When we take a look at chrome://tracing, we can see that our average tick is now 11ms from our 21ms in part 2. field_tick is now 1.2ms from 5ms and game_gen_instance_buffer is now 6ms from 11ms. Excellent results for a relatively simple change.

Link to this change is here.

Dirty what?

Up next, we’re going to tackle how much data we’re storing.

VTuneSample11

Taking a look at VTune tells us that we’re heavily store bound! How do we address this? To begin, we know that our Field_Tiles never change position, they only ever change state. As a result, we can store a series of “state” change commands instead of updating the tiles every tick.

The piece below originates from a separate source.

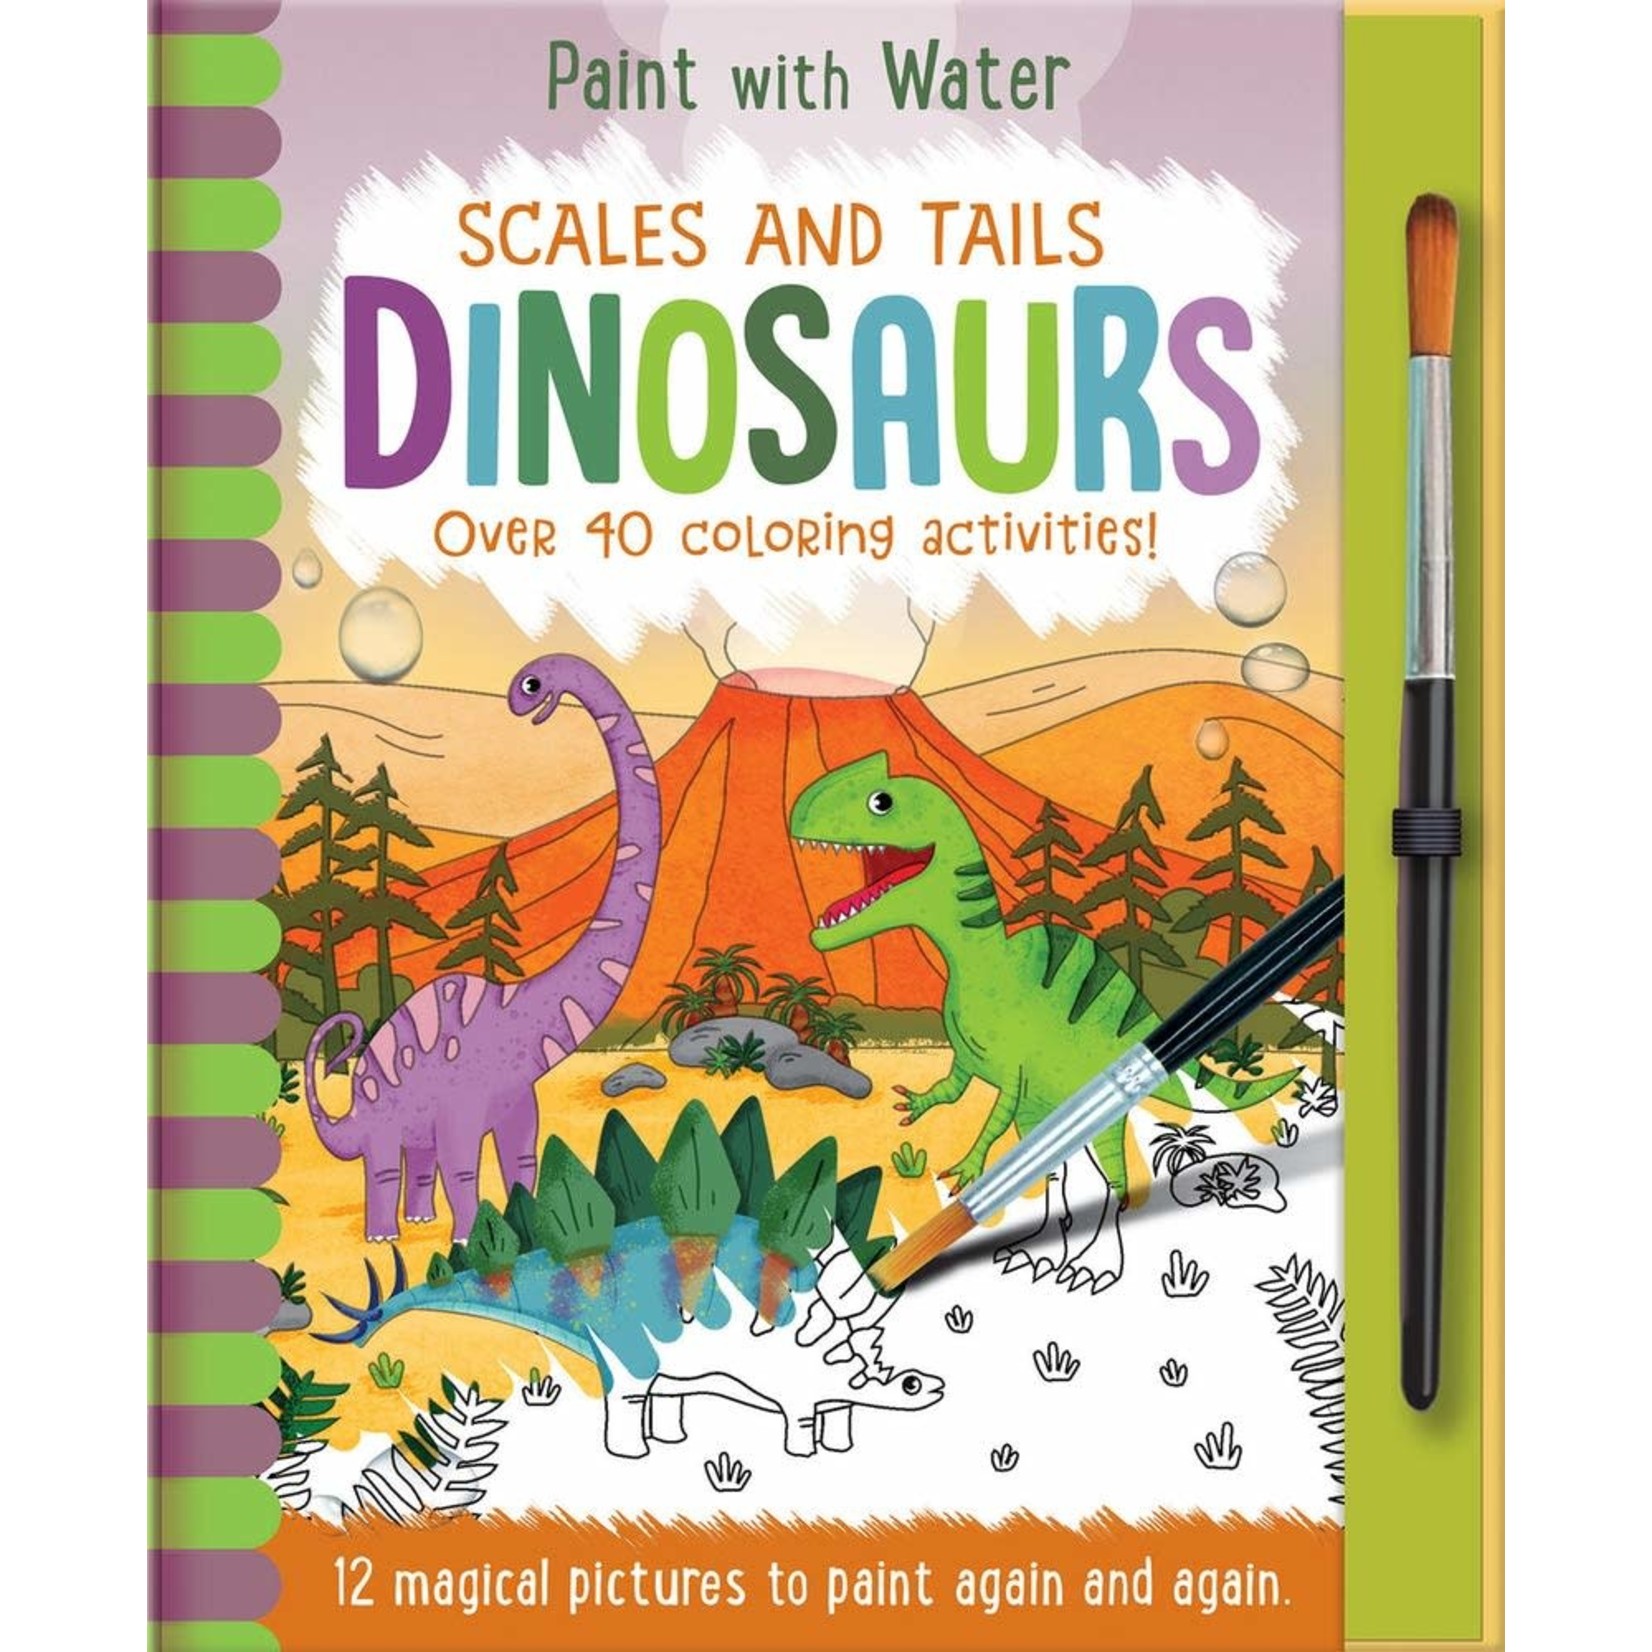 Paint with Water Dinosaurs - Kicks and Giggles

I came across this technique when working on my NES version of GO. When drawing on the NES, you only have VBlank to render everything. If you take too long, too bad, you’re going to get major flickering. Instead, one approach is to only draw what has changed during the frame by storing a series of commands indicating a change and that’s exactly what we’re going to do.

Our command structure looks like this:

typedef struct
{
    uint32_t writeIndex;
    float spriteIndex;
} Field_TileDrawCommand;

And our tile generation code now looks like this:

for (uint32_t i = 0; i < Field_TileDrawCommandCount; ++i)
{
    Field_TileDrawCommand* command = &Field_TileDrawCommands[i];
    buffer->instances[command->writeIndex].spriteIndex = command->spriteIndex;
}
Field_TileDrawCommandCount = 0;

As you can see, the tile generation code is much simpler and will touch far less memory.

VTuneSample12

Looking at our VTune results, you’ll notice that our performance has improved from 11s to 6s! Now our ai_tick and game_gen_instance_buffer functions are even. But we’ll keep tackling game_gen_instance_buffer for this part of the series.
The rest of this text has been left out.